Employee Ranking Systems LO17440

Mon, 16 Mar 1998 22:52:05 -0800

Replying to LO17219 --

Concerned about the heat to light ratio of this thread, Rick writes:
> [Host's Note: Hmm... Let's step back and notice what's happening here.
> Notice some of the feelings and how they are expressed after a long
> exchange which didn't convince either "side" to change their mind. Now,
> from long experience, I am absolutely sure that Rol *is* open to new ideas
> and that Roxanne *is* respectful of others' opinions, and the clash is not
> that anyone is just stubborn. It strikes me that there is something big
> going on here. If we are serious about this, we'll go for it, but what is
> it? What would it take to make a break through?

> Ben has offered a case study as another avenue. That might be productive.

> My insertion here is not a gripe about Gene's msg or any other...
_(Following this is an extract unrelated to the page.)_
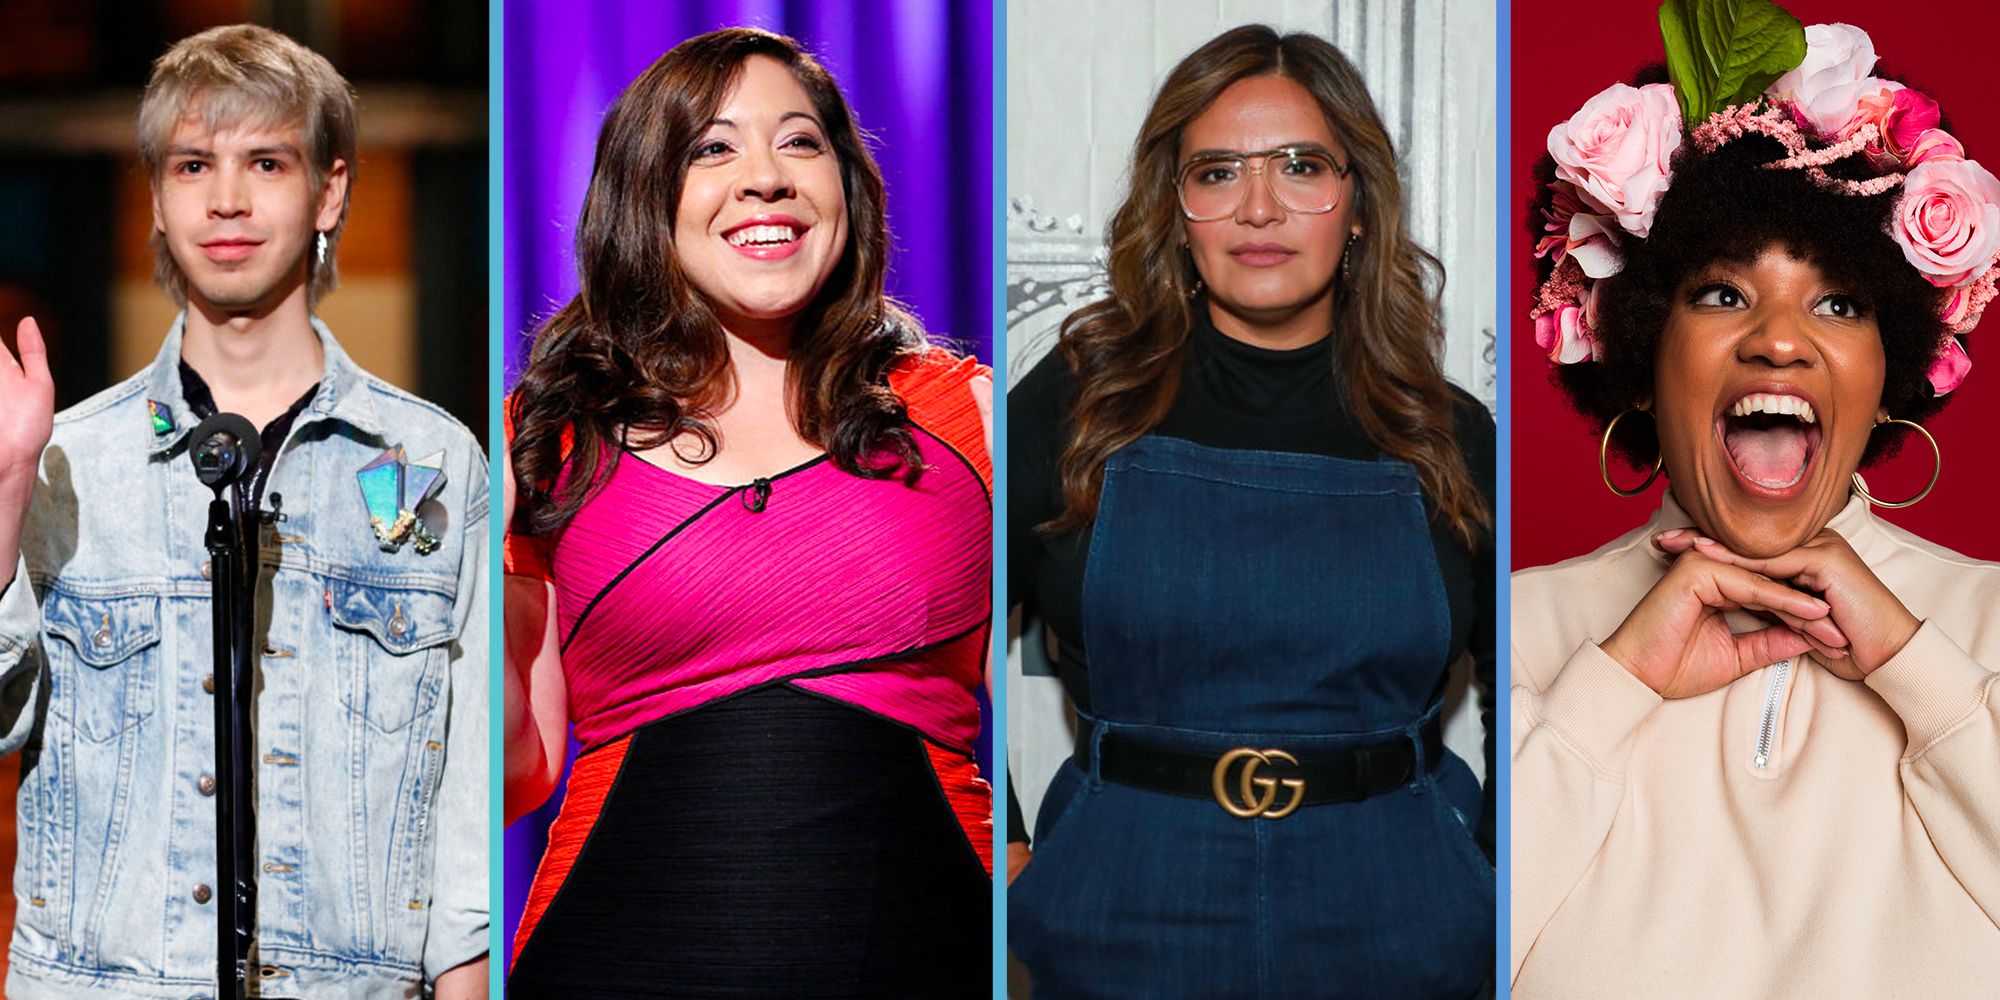 27 Best Hispanic Comedians - Funny Hispanic Comedians List

> Could someone please try to summarize, and do so fairly, what are the key
> issues here? What's kept this thread so vigorous without a clean
> resolution? I hope we are serious enough to keep at it; I think there's
> gold in here somewhere. ... Rick]

Well, this isn't much of a summary, but:

Point: Fred Nickols has eloquently argued that rating/ranking systems are
too hard to get right, and extremely damaging when you don't, and besides
there are more cost-effective and safer alternatives (I hope that's not
too much of a distortion or oversimplification, Fred).
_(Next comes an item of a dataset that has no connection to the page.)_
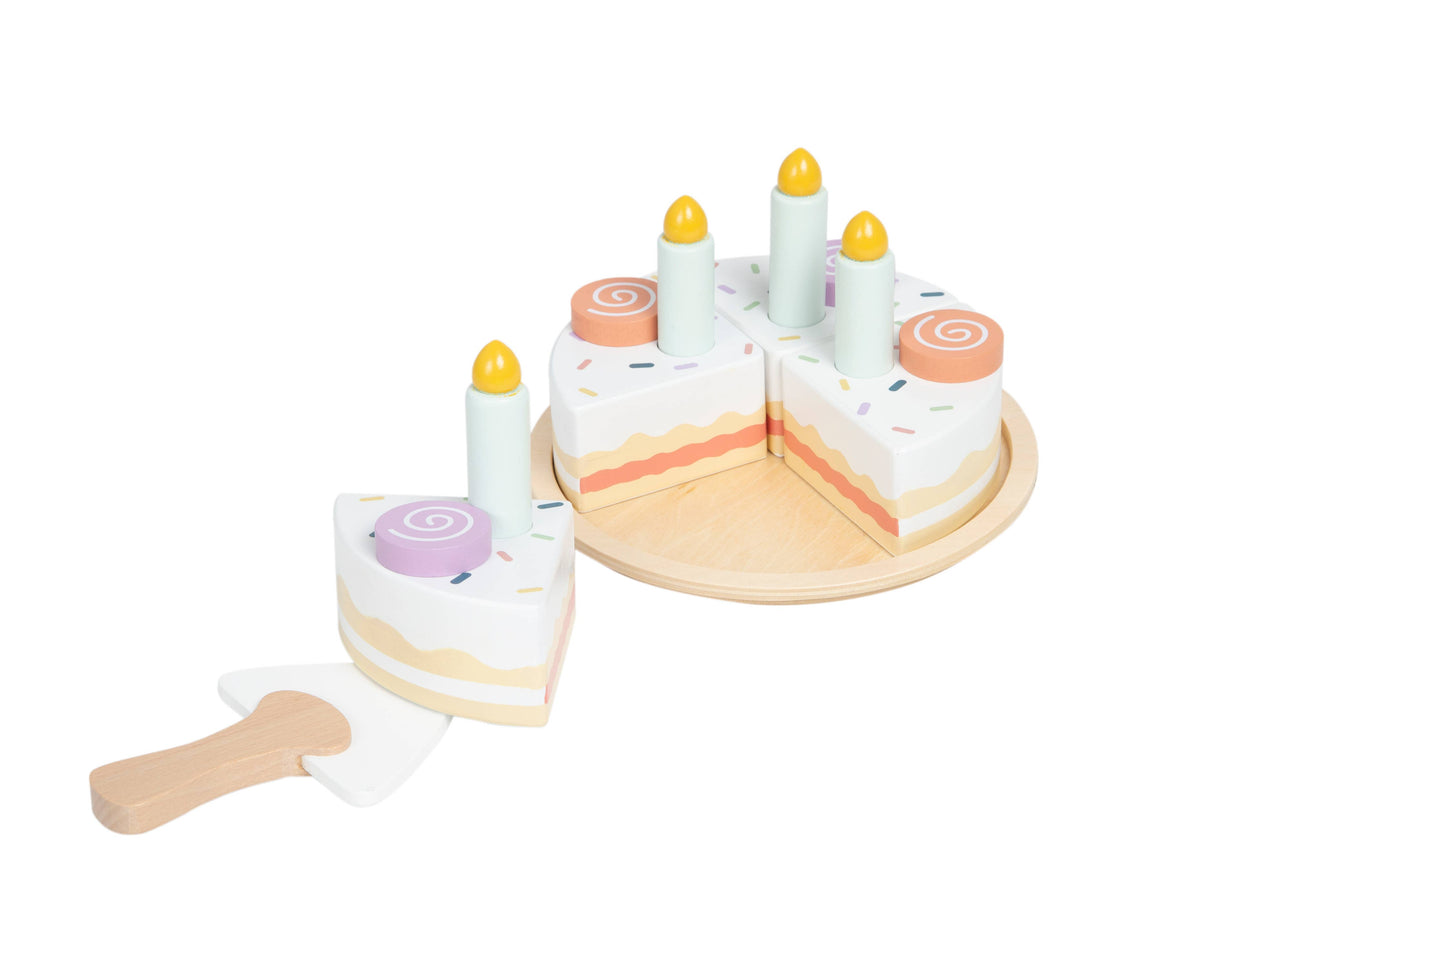 Celebration Wooden Cake Toy Set

Counterpoint: Ben Compton stoutly defends his claim that a good ranking
system is not only OK, but essential for a healthy, competitive company
(ditto, Ben).

Other participants seem to cluster around one or the other, or
occasionally offer something in between.

As Rick says, I'd like to step back a bit, and ask some engineer-style
questions about the context of the argument:
- What goals are companies trying to achieve with ranking systems or
alternatives to them?
- What are the constraints under which these goals must be pursued?
- What are the various tools for achieving these goals?
- What are the desired effects of these tools, and what are the avoidable
and unavoidable side effects?
- In what contexts can a given tool be successfully used?

I use the word "tool" loosely here; read "process", "system", "technique",
or whatever works best for you.

Don't take the questions themselves too literally; I'm just trying to
change the focus of the discussion to a cooperative, investigative one
(and maybe even synthetic, if that's not too much to hope for).

As to "What's kept this thread so vigorous without a clean resolution?": I
think it hits close to home with everyone who's ever worked in a company
and been subject to a process that determines their raises. It might be
useful for people to consider, and even post, the feelings that lead them
to be so energetic in arguing their positions.